Artikel 29 Opheffing

  • 1.

    De gemeenschappelijke regeling kan worden opgeheven met instemming van alle deelnemers en na verkregen toestemming van alle raden.

  • 2.

    Bij opheffing van de regeling wordt een liquidatieplan opgesteld, waarin onder meer afspraken worden vastgelegd over de vereffening van het vermogen van de regeling . Het bepaalde in het vierde, vijfde en zesde lid van artikel 28 is van overeenkomstige toepassing.

  • 3.

    De deelnemers verbinden zich in het geval van opheffing van de regeling in het liquidatieplan de verplichting op te nemen dat zij alle rechten en verplichtingen van het de regeling over de gemeenten verdelen op een in het plan te bepalen wijze

Hoofdstuk 10 Slotbepalingen

Artikel 30 Archief

  • 1.

    Archivering geschiedt overeenkomstig de ter zake geldende wettelijke regelgeving inclusief de daarop gebaseerde uitvoeringsvoorschriften.

  • 2.

    De archiefverordening van de gemeente Roermond is van overeenkomstige toepassing.

  • 3.

    De Manager ICT NML is belast met het dagelijks beheer van het archief.

  • 4.

    Bij opheffing van deze gemeenschappelijke regeling worden de archiefbescheiden overgebracht naar de archiefbewaarplaats van de gemeente Roermond.

Artikel 31 Geschillen

  • 1.

    In alle gevallen waarin deze regeling niet voorziet zullen de deelnemers in alle redelijkheid naar overeenstemming streven.

  • 2.

    Van een geschil als bedoeld in artikel 28, eerste lid, van de wet is sprake als tenminste één van de deelnemers of het bestuur van de regeling een zodanige mening is toegedaan.

  • 3.

    Indien de deelnemers onderling niet tot overeenstemming komen, wordt het geschil voorgelegd aan gedeputeerde staten overeenkomstig het bepaalde in artikel 28 van de wet.
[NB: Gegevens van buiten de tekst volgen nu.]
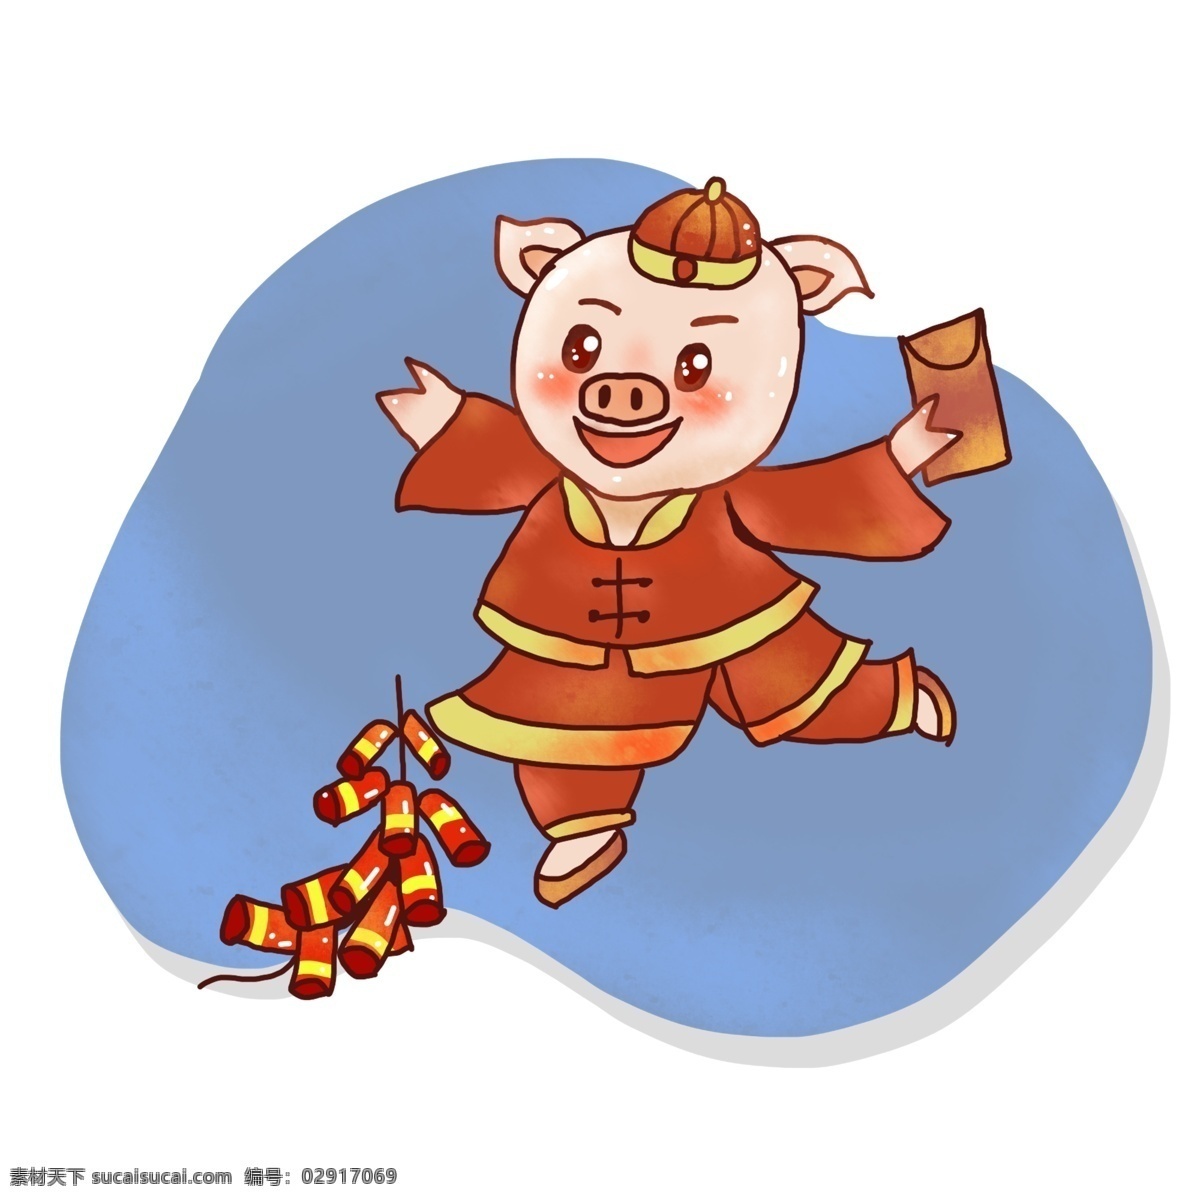 猪 过年 手绘 中国 风 元素 中国风 喜庆 橙色 简单 简约 简约橙色 中国风橙色 简约中国风

Artikel 32 Toezending en bekendmaking regeling

  • 1.

    Het college van de gemeente Roermond zendt een volledig ondertekend exemplaar van deze regeling alsmede van besluiten tot wijziging, tot uittreding van, van toetreding tot en tot opheffing van deze regeling toe aan gedeputeerde staten.

  • 2.

    Het college van de gemeente Roermond maakt een volledig ondertekend exemplaar van deze regeling alsmede van besluiten tot wijziging, tot uittreding van, van toetreding tot en tot opheffing van deze regeling tijdig bekend door kennisgeving van de inhoud van de regeling in de Staascourant.

  • 3.

    Het bestuur draagt zorg voor de registratie van de regeling in het Handelsregister.

Artikel 33 Inwerkingtreding en citeertitel

  • 1.

    Deze regeling treedt in werking op 1 januari 2018.

  • 2.

    Deze regeling kan worden aangehaald als: “ICT Noord- en Midden-Limburg (ICT NML)”.

Aldus vastgesteld door

het college van burgemeester en wethouders van de gemeente Venlo.